At 706, routine 700 monitors the plurality of daisy-chained temperature sensors that are coupled to a plurality of battery bus bars. In one example, the PTCs may be monitored by way of an analog-to-digital converter. In another example, a digital input may be used to monitor the PTC's. For example, if the resistance of a daisy-chained group of temperature sensors changes in response to a temperature of a battery buss bar exceeding a threshold temperature, a digital input to a controller may change from a zero level to a one level. Further, a plurality of temperature sensors from a plurality of battery modules may be in electrical communication with a digital input of a controller such that any one degraded battery cell from a plurality of battery modules may indicate battery bus bar degradation. In one particular example, one particular signal monitored by the controller may be responsive to each of a plurality of temperature sensors, such that if any one of the temperature sensors indicates degradation, the signal received by the controller indicates degradation. Conversely, only if each and every temperature sensor in the circuit indicates that the temperatures are within acceptable limits, does the signal not indicate degradation.

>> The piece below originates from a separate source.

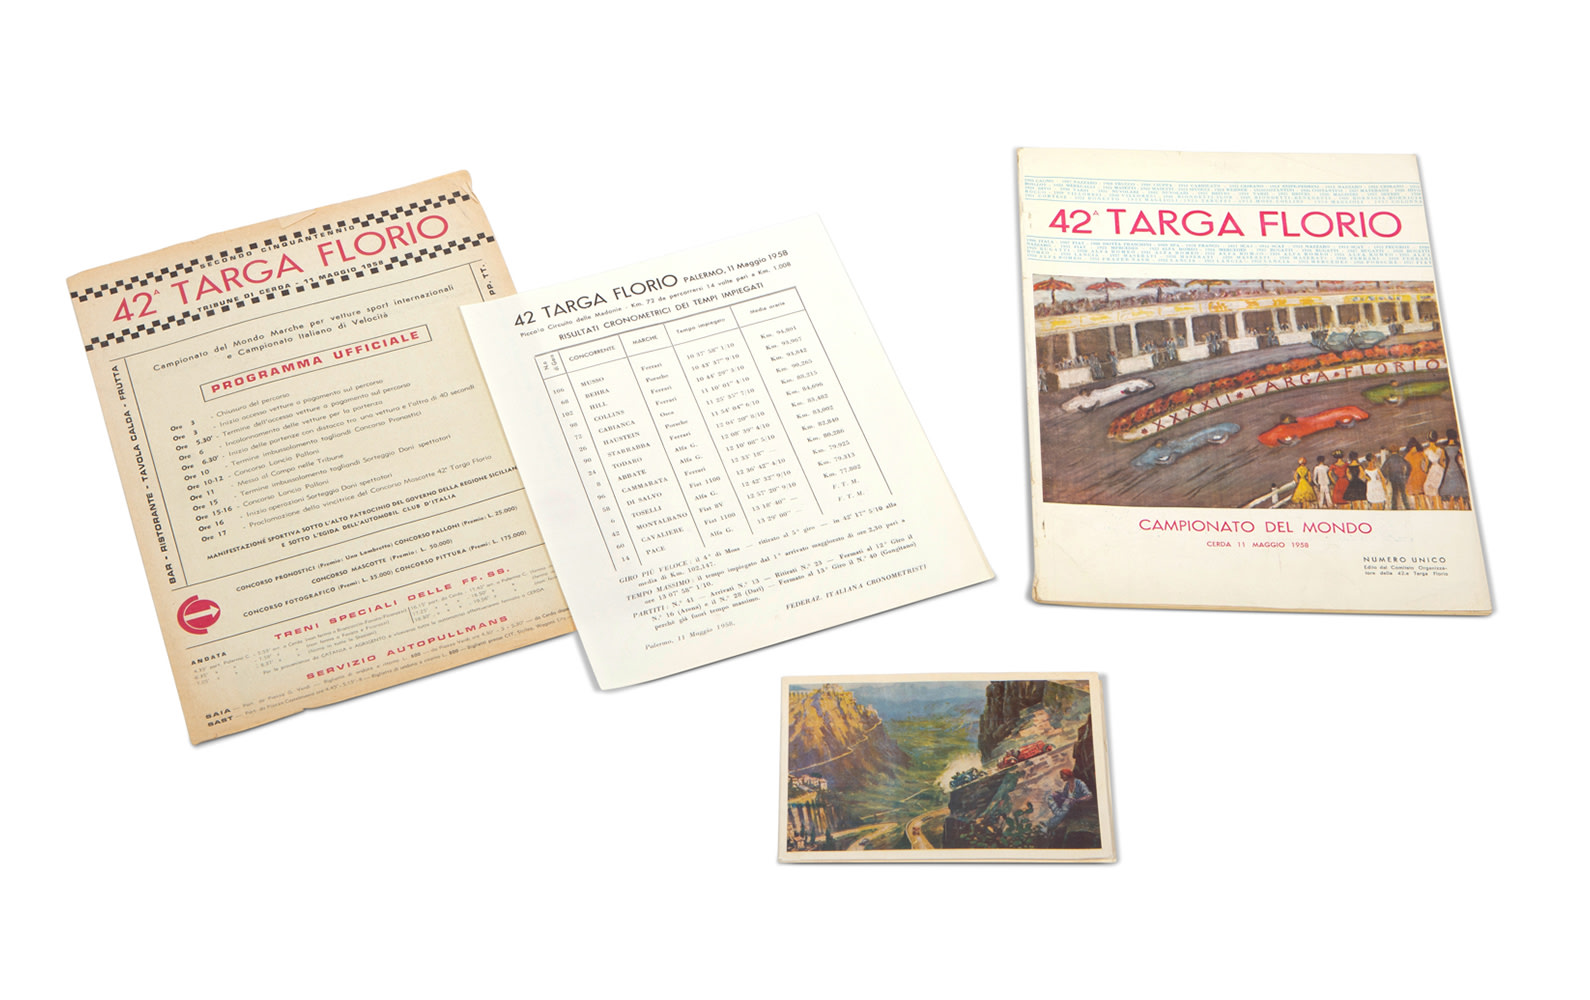 1958 Targa Florio New Year's Card, Official Race Program, and Entry List

At 708, routine judges whether or not a temperature sensor indicates bus bar degradation. In one example, if an input to a controller is greater than a threshold level, it may be determined that bus bar degradation is present. In other examples, it may be determined that bus bar degradation is present when an input to a controller is less than a threshold level. If routine 700 judges a temperature sensor is indicating bus bar degradation, routine 700 proceeds to 710. Otherwise, routine 700 proceeds to exit.
At 710, routine adjusts battery operation in response to bus bar conditions indicated by temperature sensors that are in a daisy-chain configuration. In one example, a battery controller may reduce the output of a battery in response to indication of bus bar degradation. For example, a battery controller may limit the battery pack current output. In another example, the battery controller may send a status message to a vehicle controller so that the vehicle controller limits and/or reduces an amount of torque from a motor of a vehicle. Further, the battery pack controller can send out a status message so that a current level of some vehicle systems is maintain and so that current supplied to other vehicle systems is reduced. In this way, the overall demand current on the battery pack may be reduced. Further still, the battery pack may issue a battery degradation message so that the vehicle controller may limit the current demands of vehicle systems to some predetermined amount. For example, if the battery pack sends a degradation command, the vehicle controller may limit current to the vehicle propulsion motor to 60% of full current. Further, the vehicle controller may limit accessory (e.g., air conditioner current) to 20% of full current. In some embodiments, the battery controller status message may send a status message that defines the amount of available current to the vehicle so that the vehicle controller can set priorities as to what vehicle systems receive battery current. Further, the vehicle controller may set current limits to different vehicle systems based on the status message sent from the battery controller. Routine 700 then proceeds to exit.
Thus, the method of
The method of
The subject matter of the present disclosure includes all novel and nonobvious combinations and subcombinations of the various systems and configurations, and other features, functions, and/or properties disclosed herein.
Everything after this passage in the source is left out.